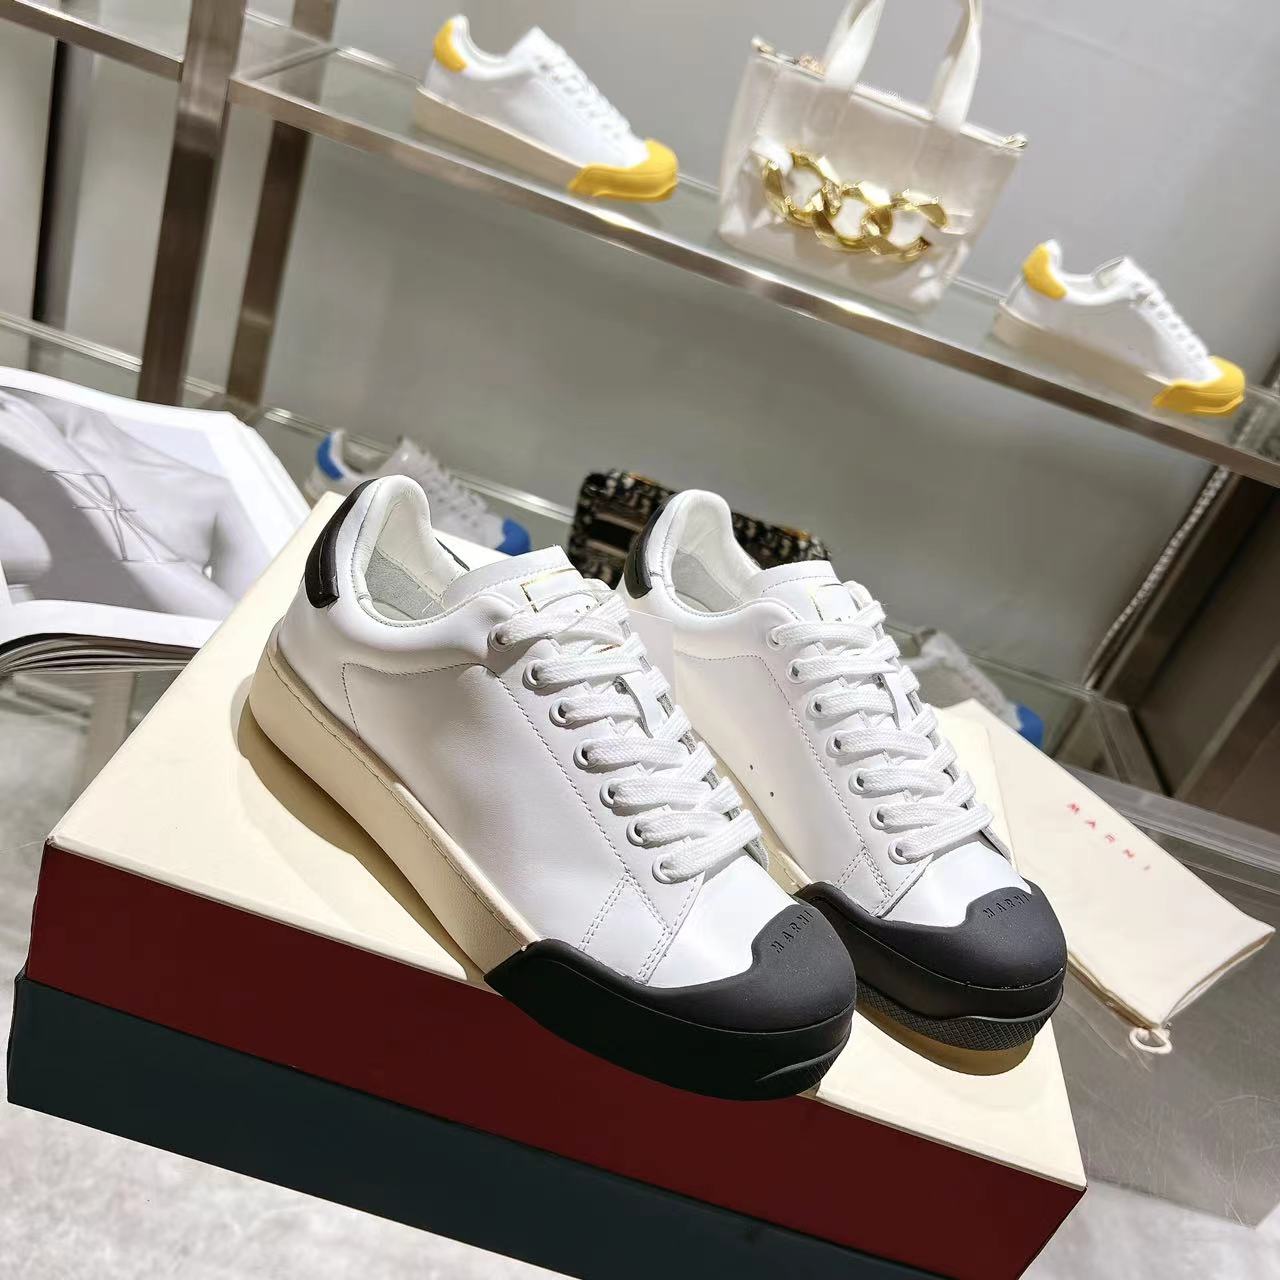 Marni Dada Bumper Sneaker In White And Black Leather - DesignerGu
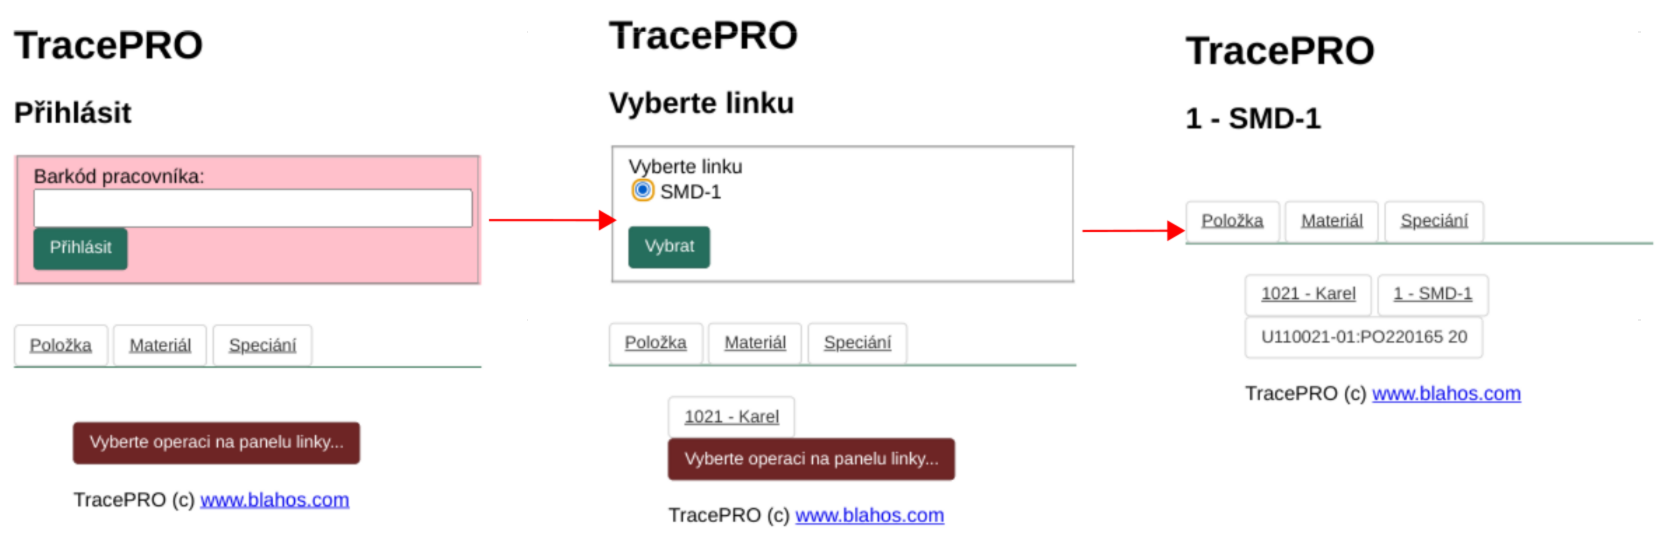 tracepro-pda-01
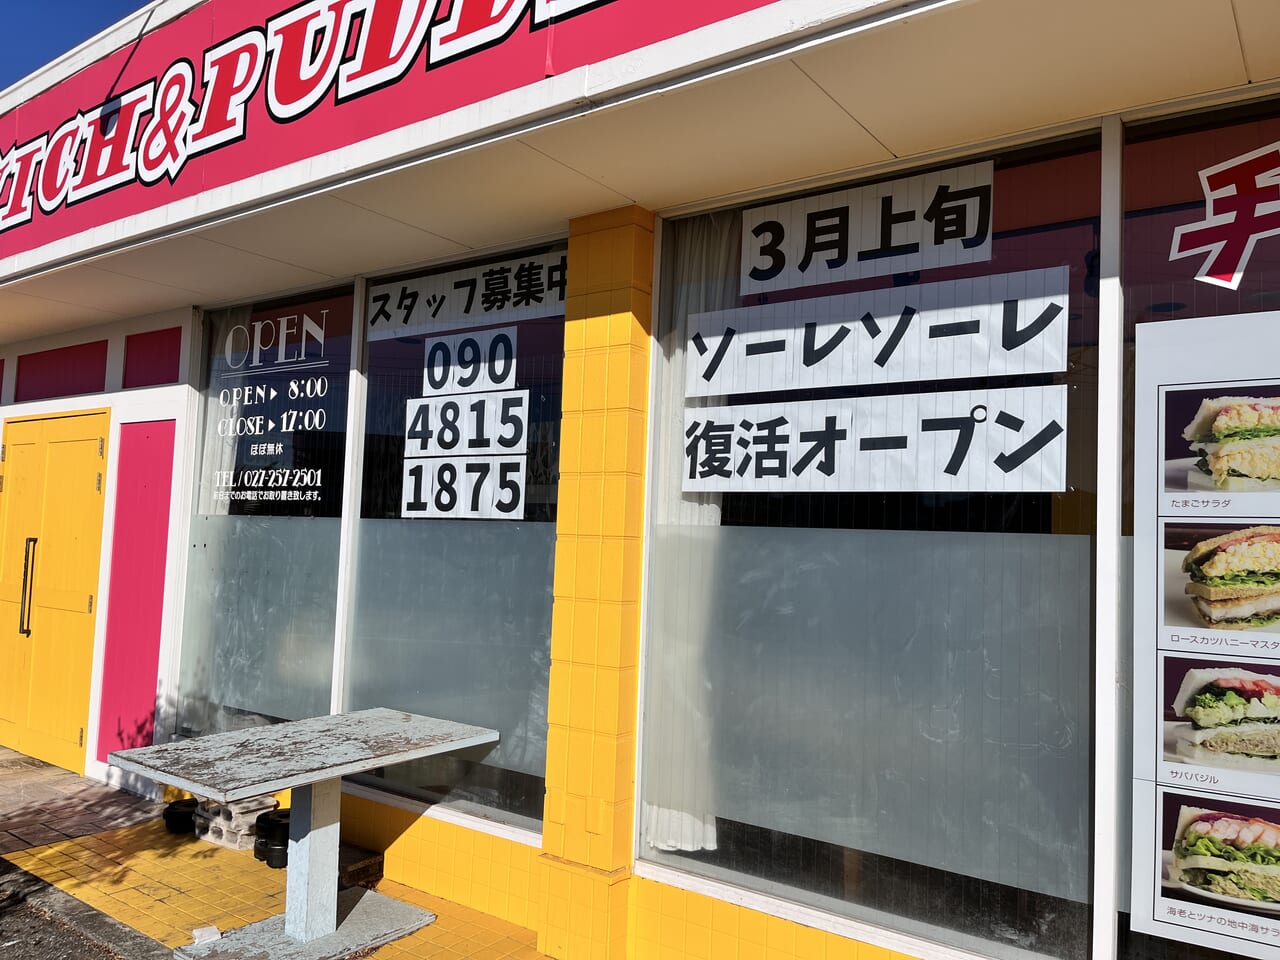 「サンドイッチとプリンのお店TOMOJI前橋店」跡地の店頭の掲示の様子
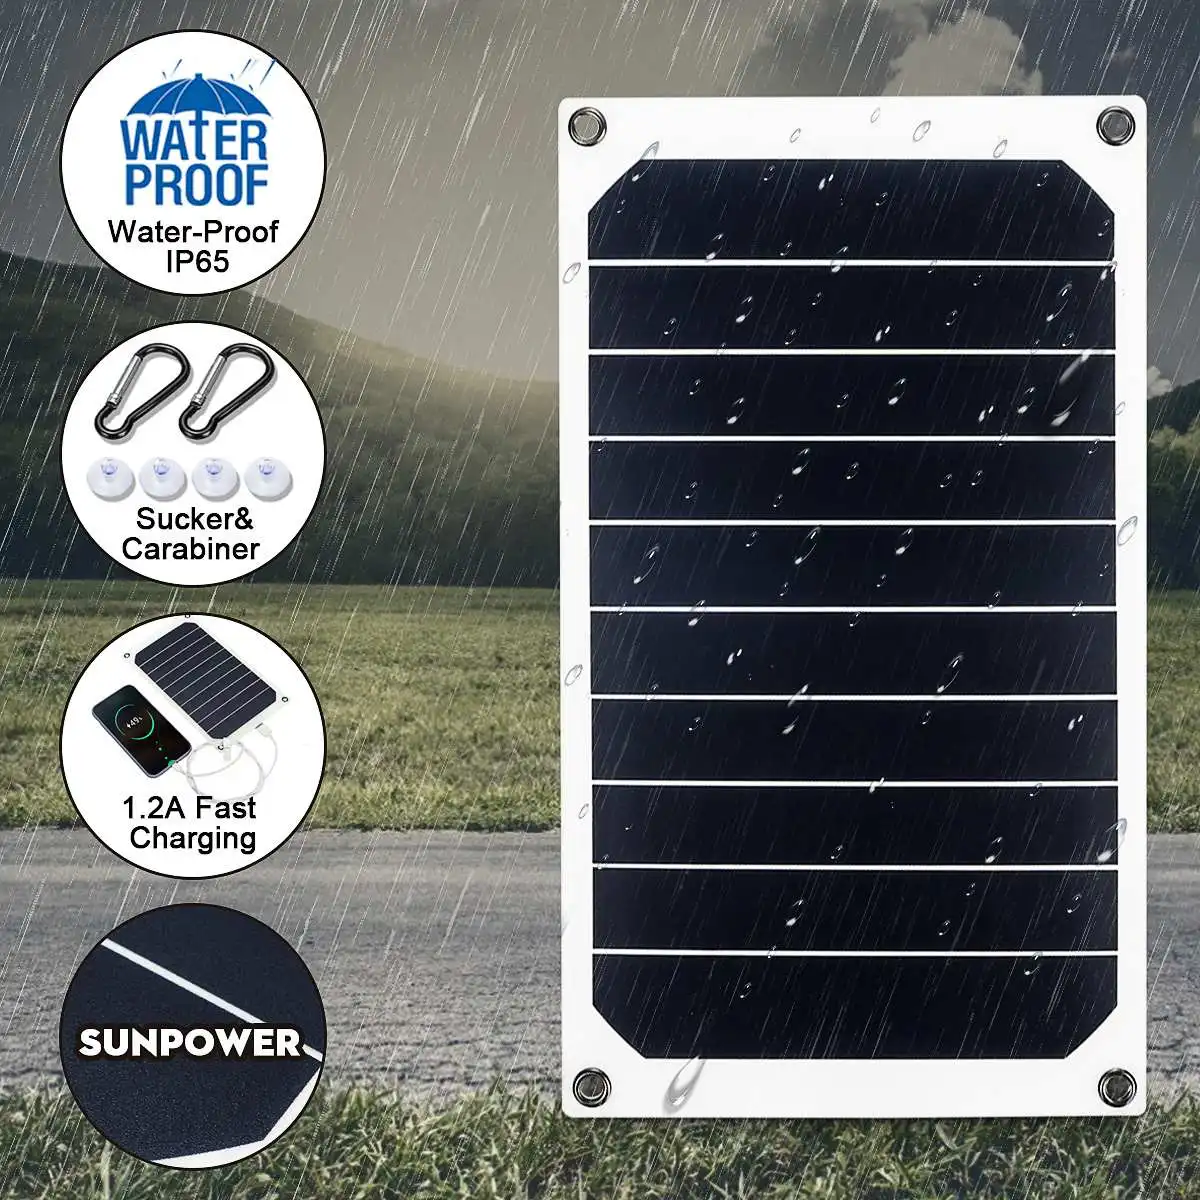 LEORY Гибкая панель солнечных батарей 10 Вт солнечное зарядное устройство для автомобильного аккумулятора 6 В батарея для зарядки телефона Sunpower монокристаллические ячейки

******************************

▶ DIRECTIONS: From the line containing "tracepro-pda-01" to the end of the listing, restate each line word for word and nothing more; the pictures stay out.

▶ EXERCISE ANSWER:
 tracepro-pda-01
 「サンドイッチとプリンのお店TOMOJI前橋店」跡地の店頭の掲示の様子
 LEORY Гибкая панель солнечных батарей 10 Вт солнечное зарядное устройство для автомобильного аккумулятора 6 В батарея для зарядки телефона Sunpower монокристаллические ячейки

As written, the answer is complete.